Temperature-independent Casimir-Polder forces in arbitrary geometries

TL;DR

This paper demonstrates that the Casimir-Polder potential for particles near conducting objects remains unaffected by temperature variations, simplifying calculations for complex geometries and relevant quantum systems.

Contribution

It establishes the temperature independence of the Casimir-Polder potential in arbitrary geometries for energy eigenstates, providing a compact formula and validity criteria.

Findings

Potential is temperature-independent even at high thermal photon numbers.

Derived a simplified expression for the potential applicable to complex geometries.

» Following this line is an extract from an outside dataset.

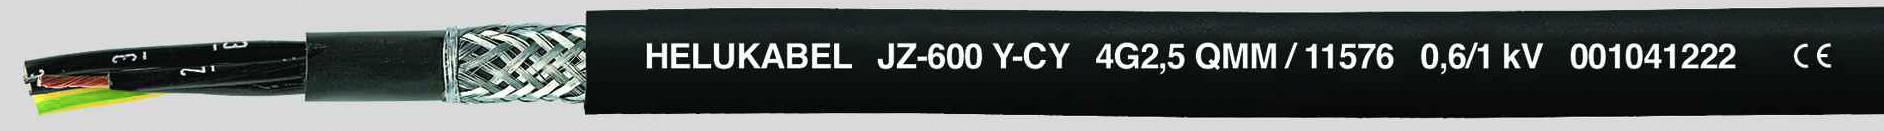 HELUKABEL JZ-600-Y-CY Steuerleitung 7 G 0.75 mm² Schwarz 11494-500 500 m

Numerical validation near gold spheres and inside cylindrical cavities.

Abstract

We show that the Casimir-Polder potential of a particle in an energy eigenstate at nonretarded distance from a well-conducting body of arbitrary shape is independent of the environment temperature. This is true even when the thermal photon numbers at the relevant atomic transition energies are large. A compact expression is obtained for the temperature-independent potential, which can greatly simplify calculations in nontrivial geometries for experimentally relevant systems such as Rydberg atoms and polar molecules. We give criteria for the validity of our temperature-independent result. They are illustrated by numerical studies of a particle near a gold sphere or inside a gold cylindrical cavity.